Looking at the trial-by-trial data for each participant, 3-target trials seemed to fall into three different types. First, there were trials in which eye gaze stayed in approximately the same place for the duration of the motion period (Fig. 1A). Second, there were trials in which gaze seemed to pursue the overall motion of the three targets (Fig. 1B). Finally, there were trials in which gaze tended to jump from the vicinity of one target to another (Fig. 1C). The tendency to follow one of the above patterns was quantified by comparing the eye gaze position to the position of each dot.
We conducted a location competition analysis to determine the location to which gaze was closest. In this procedure, each dot was assigned a weight of zero at the beginning of the trial, and weights were then adjusted after each frame such that the dot closest to the fixated position received an increase in its weight by 7 while the remaining 7 dots received a decrease in weight of 1. The dot with the highest weight value on a given frame was then considered the winner for that frame. Summing the total time that each dot was the winner across all frames and averaging across trials, we measured the average percentage time that gaze was directed towards each dot. The advantage of this analysis is that accumulating weights provide a history that is resistant to frame-to-frame noise in the data. Similar results were found with analysis of the proportion of time the fixation was within a specified window around each dot.

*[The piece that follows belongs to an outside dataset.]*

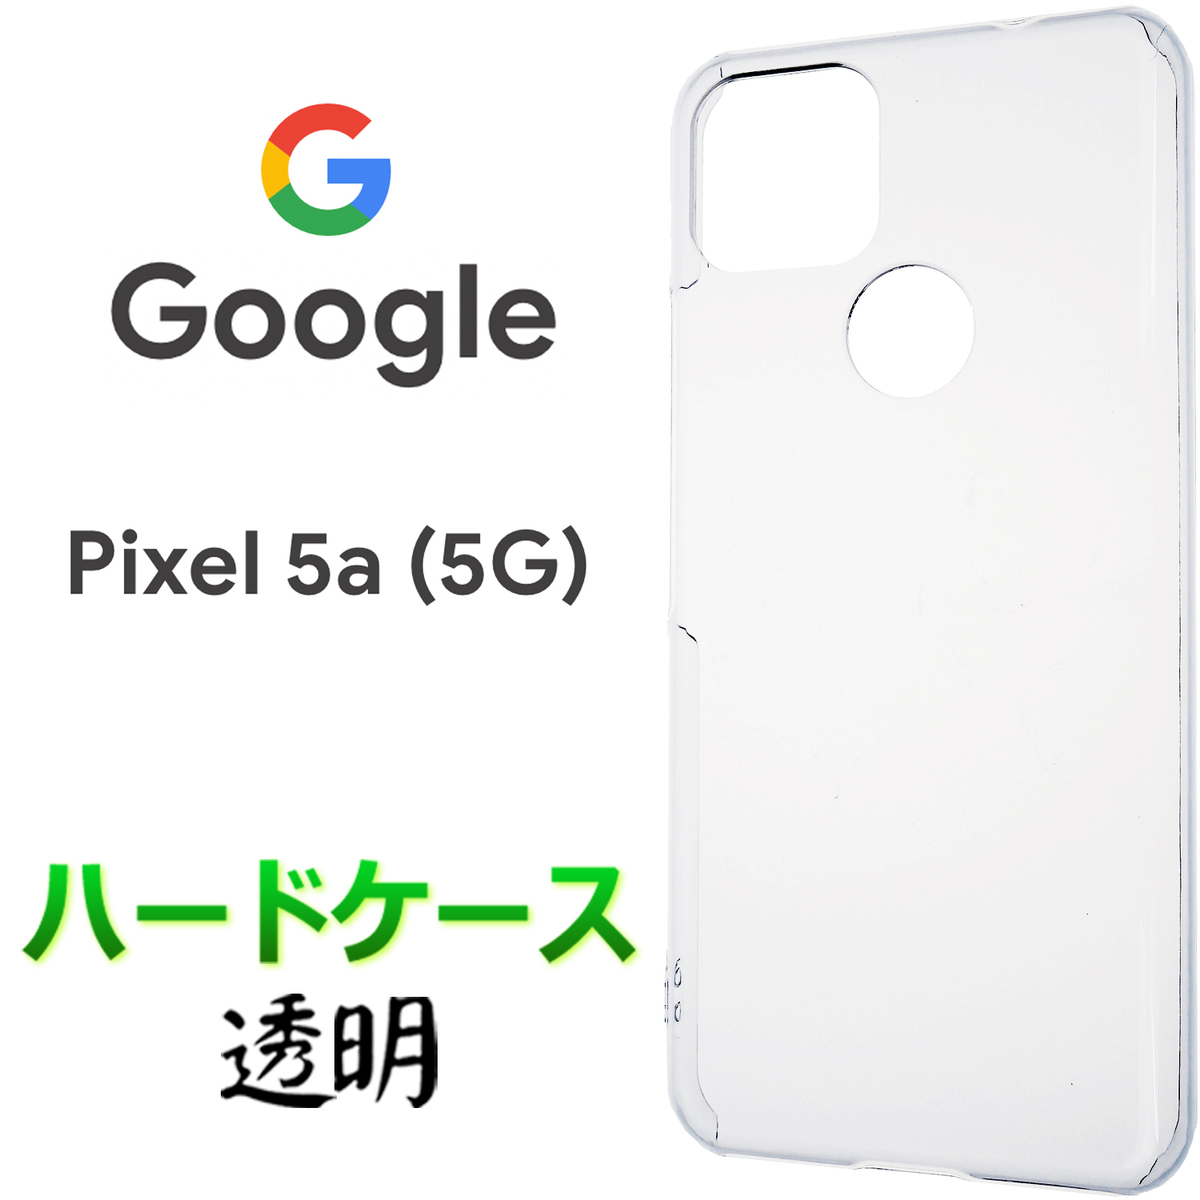 市場】ブルーライトカット 液晶保護 Google Pixel 5a 5G ガラスフィルム 強化ガラス 2.5D 画面保護 液晶保護 飛散防止  指紋防止 硬度9H クリーナーシート付き グーグル ピクセル ファイブエー ファイブジー ソフトバンク SIMフリー pixel5a  pixel5a5g : JETSmart

The average percentage of time in 1-target trials (Fig. 2A) that the target was the winning dot was 96.0%, which was significantly higher than the time the seven distractors were winners (0.0–0.5%; t(14)s > 58.37, p < .01 for all comparisons). The average percentage of time that a target was the winning dot in 3-target trials (Fig. 2B) was 8.5%, which was also significantly higher than the time distractors won (1.0–2.2%; t(14)s > 2.7, p < .01 for all comparisons). This was also significantly less than the percentage of time targets were winners in 1-target trials (t(14) = 41.83, p < .01). We examined whether participants looked at the center of the triangle formed by the targets, by including the centroid as one of the competitors (Fig. 2B). The centroid is the intersection of the medians of a triangle and is the same as the average position of the vertices in a triangle and the center of mass. The average time that the centroid won was 65.7%, which was significantly higher than the time any of the targets were winners (t(14)s > 8.38, p < .01 for all comparisons). We tested the generality of this finding in a follow-up experiment using 3, 4, or 5 targets in an array of 10 dots. Participants looked significantly more at the centroid (41.6–42.4%) than at each of the targets when tracking 3 (10.7%), 4 (9.3%), and 5 (8.1%) targets (t(15)s > 6.84, p < .01 for all comparisons). The average of the coordinates of the targets is not the same position as the centroid for 4 or 5 targets and did not account for the position of eye gaze as well as the centroid (t(14)s > 6.6, p < .01 for both comparisons). Thus, when multiple objects are tracked, more time is spent looking towards the center of the target array than at each target individually.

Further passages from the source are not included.